We employ a Variational Auto-Encoder (VAE) model, as shown in Fig. 3, to learn a low-dimensionality embedding space for tiles \(x^{a,b}\) then exploited for change detection. A generic Auto-Encoder (AE) model consists of two networks—called encoder and decoder—usually composed out of convolutional or fully-connected layers of neurons. The encoder network \(q_\phi\) learns to project the data from the original domain into a generally lower dimensional “bottleneck” representation—called latent space—while the decoder network \(p_\theta\) learns to reconstruct the original data from this latent vector representation. The whole model learns end-to-end and doesn’t require any specific labels, as the task is to reconstruct the original data while obtaining a representative latent space. Given the fact that this latent space is of smaller dimensionality than that of the original data, it can be understood as a compressed space, with only the distinguishing features present in the representation. This learned latent space can be used for further downstream tasks, such as for training with labelled data (in the case of our data, this would for example be in classification of tiles to cloudy or non-cloudy tiles), or for change detection via comparison of the embedded latents, as is further described in this paper. VAEs impose further restrictions on the distribution of the learned latent variables as is detailed in15. In particular, the VAE imposes a diagonal Gaussian distribution for the embeddings that is parameterized by the mean and standard deviation of each dimension, \({\mathcal {N}}^{a,b} = {\mathcal {N}} (\mu ^{a,b}, \sigma ^{a,b})\). The latent representation \(\mu ^{a,b}, \sigma ^{a,b} \in {\mathbb {R}}^n\), where n is called latent size.

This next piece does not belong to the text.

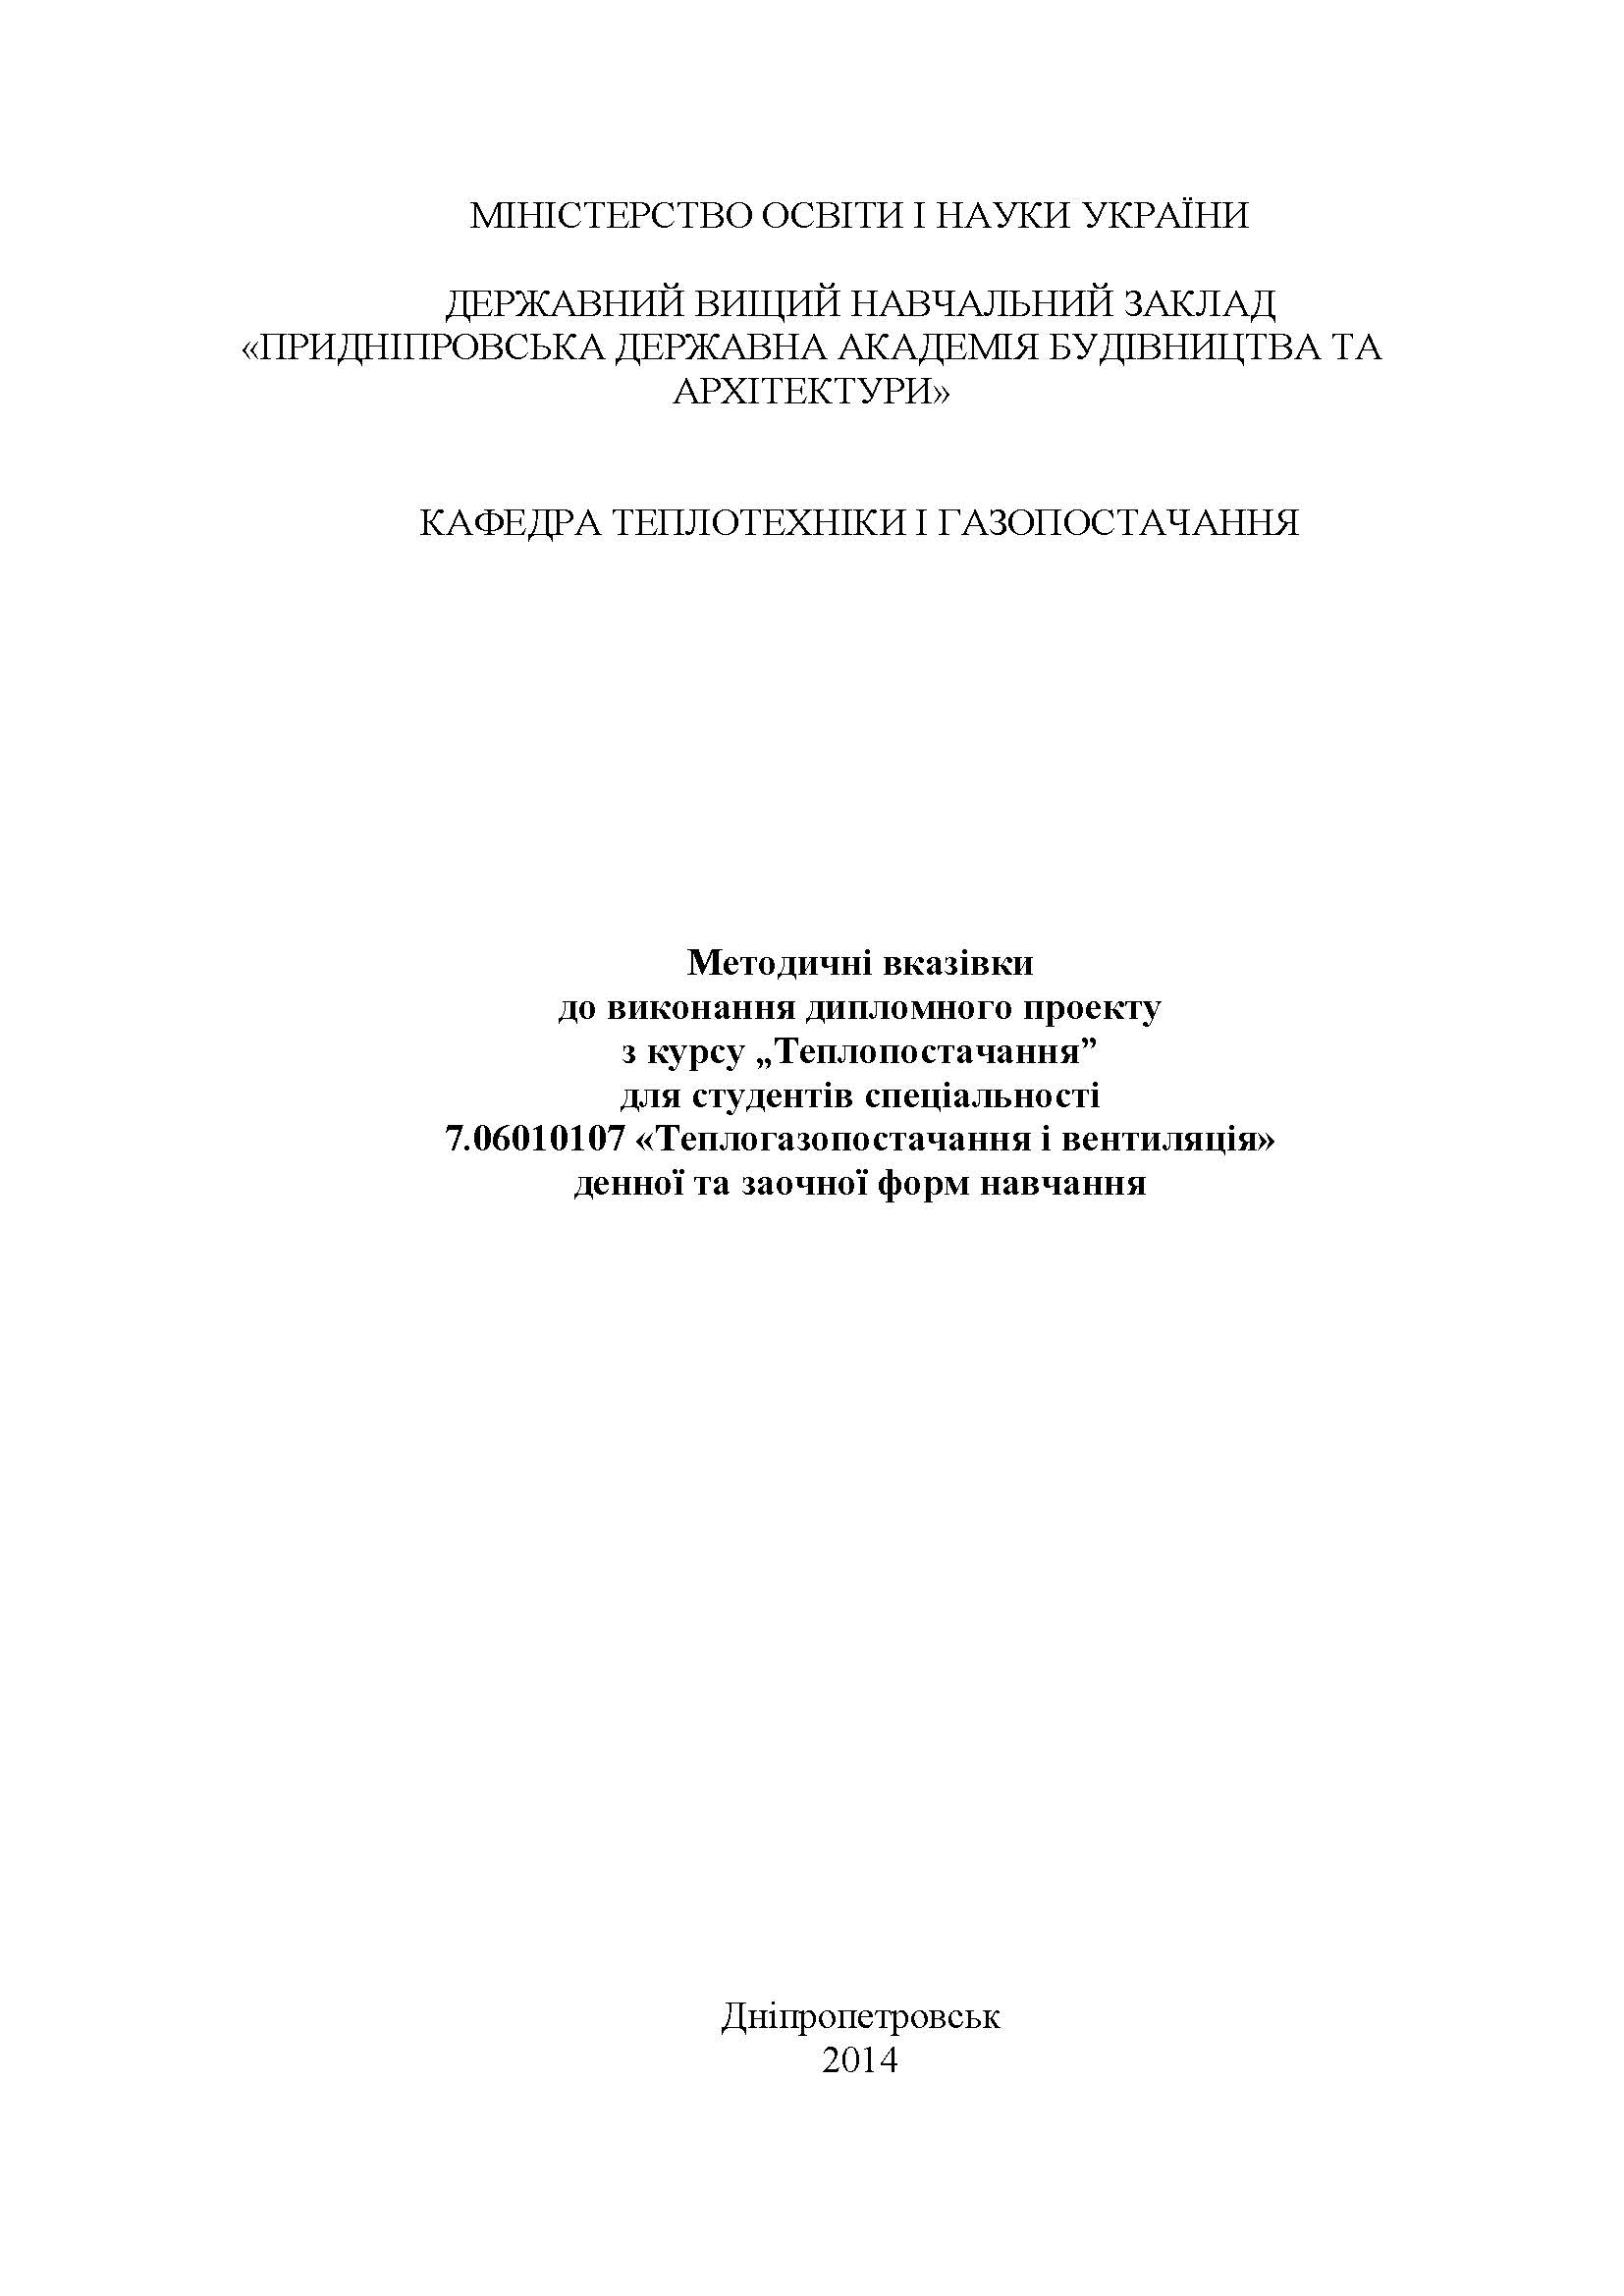 Методичні вказівки до виконання дипломного проекту з курсу «Теплопостачання», 2014

Change detection novelty score

At inference, we can drop the decoder \(p_\theta\) and use only the trained encoder network \(q_\phi\) as a feature extractor to encode individual tiles in their compressed representation, with the advantage of improved robustness to noise and to slight misalignment between tiles35 and reduced computational and memory requirements of storing images from previous passes, which is a critical in a constrained environment.

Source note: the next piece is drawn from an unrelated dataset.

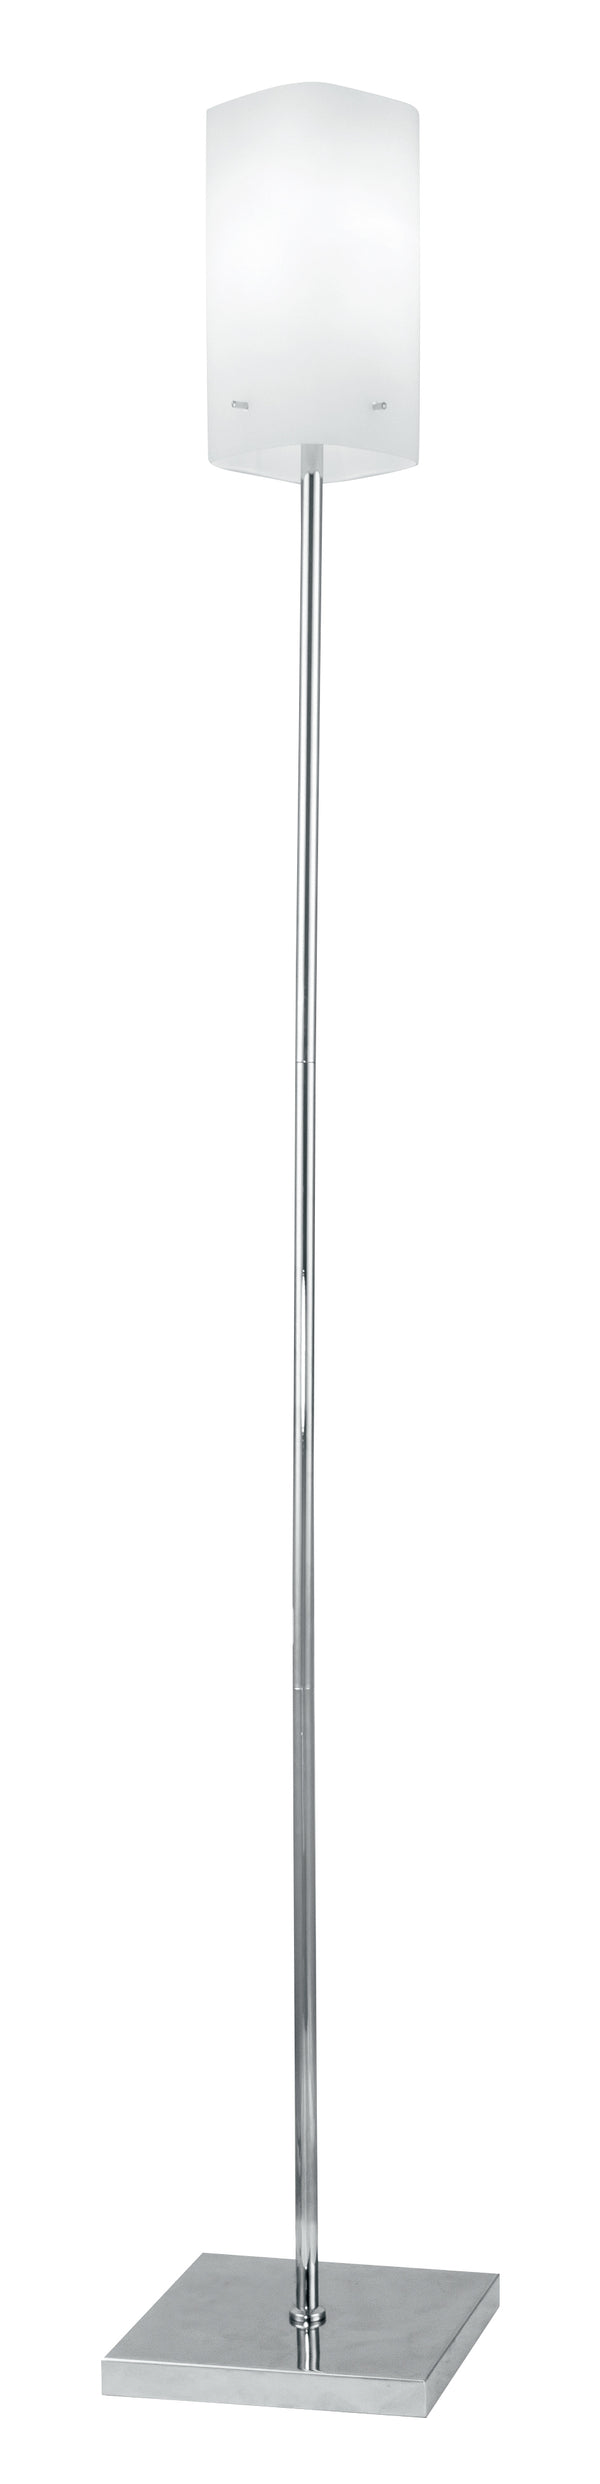 Lampadaire en métal, abat-jour en verre blanc, lampadaire moderne E27 acquista

More formally, given a new tile \(x^{a,b}_t\) at time t, we seek to understand if a relevant change has happen from the k-long history of samples at the same location \(\{x^{a,b}_{t-k},\dots x^{a,b}_{t-1}\}\). To achieve this, we define a novelty score function \(S({\mathbb {R}}^{32\times 32\times 10}) \rightarrow {\mathbb {R}}\) as:

$$\begin{aligned} S(x_t^{a,b}) = \min _{i = 1\ldots k} d(x_{t-i}^{a,b},\, x_t^{a,b}) \end{aligned}$$

where d\(({\mathbb {R}}^{32\times 32\times 10}, {\mathbb {R}}^{32\times 32\times 10}) \rightarrow {\mathbb {R}}\) is an arbitrary difference function between two tiles. We propose to employ the latent representation of the tiles within d and we test three different distance functions in “Results”, the Euclidean and cosine distance between the means \(\mu ^{a,b}_t\) and \(\mu ^{a,b}_{t-i}\), and the KL divergence between the Gaussian latents \({\mathcal {N}}^{a,b}_t\) and \({\mathcal {N}}^{a,b}_{t-i}\). In Eq. (2) we use the minimum as a function to aggregate the individual distances, with the assumption that it is the last sample of the time-series of tiles, that contains the relevant change. This helps us ignore small fluctuations in the previous tiles.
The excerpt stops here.